But! Practicing handwriting can { actually } be fun with a multi-sensory approach to letter formation activities. Read on to find seven ideas that will develop proper formation and make handwriting practice FUN!

7 FUN Letter Formation Activities - No pencil required! Work on fine and gross motor skills through engaging, hands-on letter formation practice.

Fun Letter Formation Activities for Kindergarten Handwriting Practice.

Multi-sensory Approach to  

This engaging approach will help your child develop fine and gross motor skills while learning how to properly form letters.

The following will work with any handwriting curriculum, but was specifically created to align with the multi-sensory lessons and formation described in the Handwriting Without Tears program and workbook: Letters and Numbers for Me (Kindergarten).

You can find both the Kindergarten Teacher’s Guide and the Workbook on Amazon.

#1 Practice Proper Letter Formation with
Capital Letter Exercises

Handwriting practice doesn’t mean just sitting at a table. Your kids will love practicing the alphabet with their whole body.

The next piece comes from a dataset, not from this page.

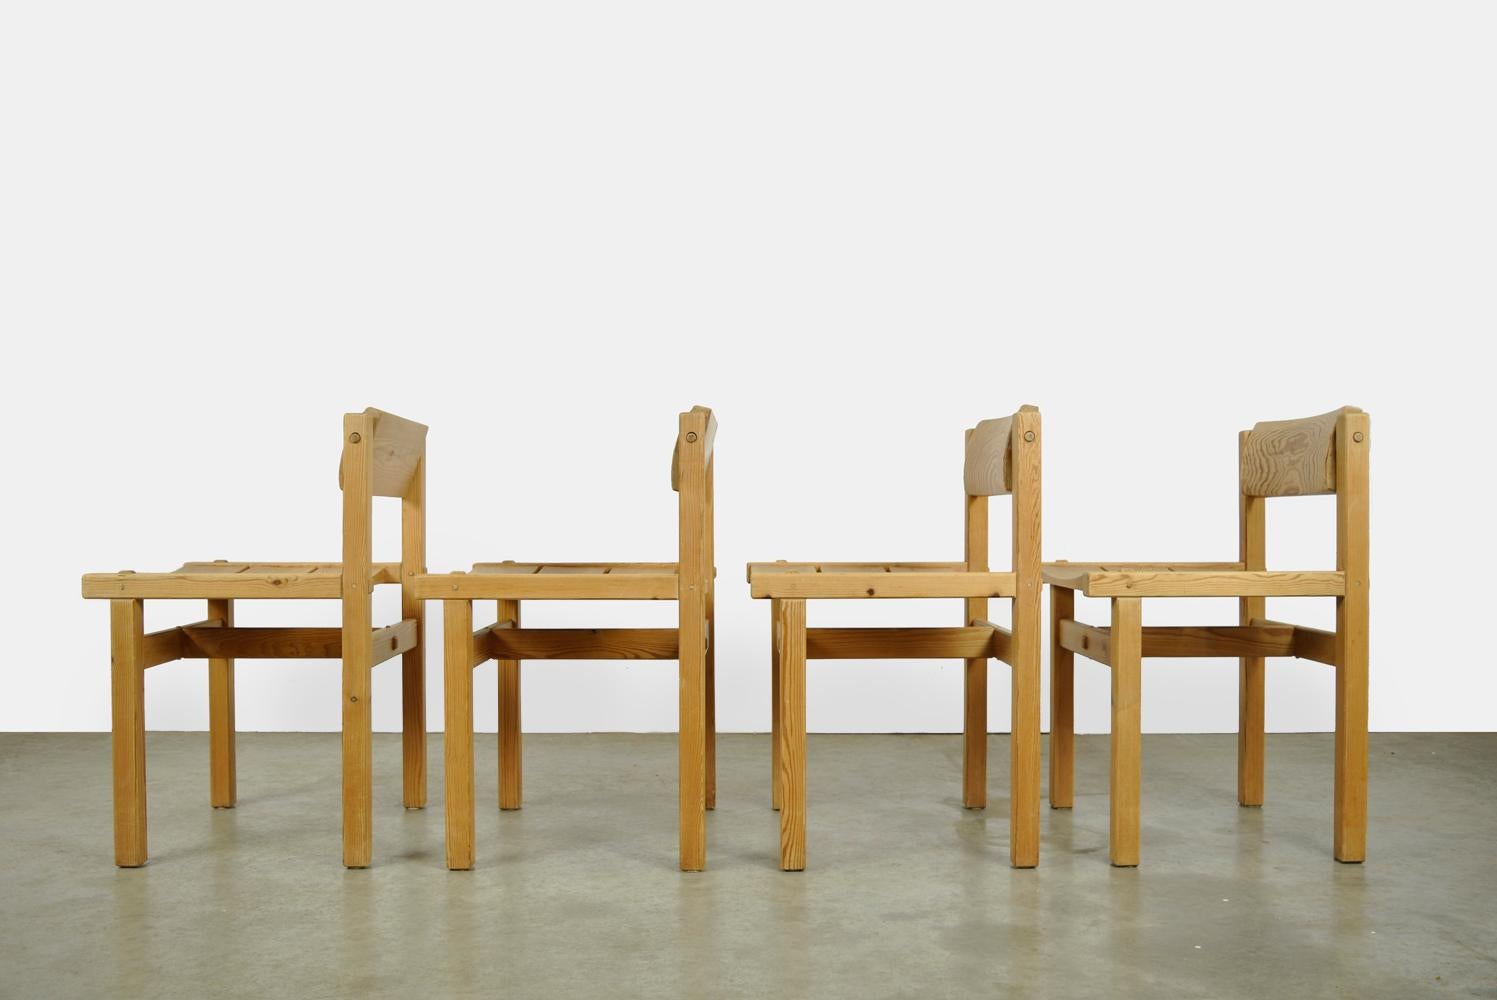 Mid-20th Century Trybo pine dining chairs (4) by Edvin Helseth for Stange Bruk, Norway 1960s For Sale

Get up and get moving!

Benefits of alphabet exercises:

  • Great gross motor practice
  • Helps practice crossing the mid-line
  • Emphasize reaching all the way to the top and bottom for big capitals
  • Great way to get the wiggles out before workbook practice
  • A fun way to review letters or quiz your child

Watch this video together for a fun handwriting warm-up or teach letters individually throughout the year with letter of the week.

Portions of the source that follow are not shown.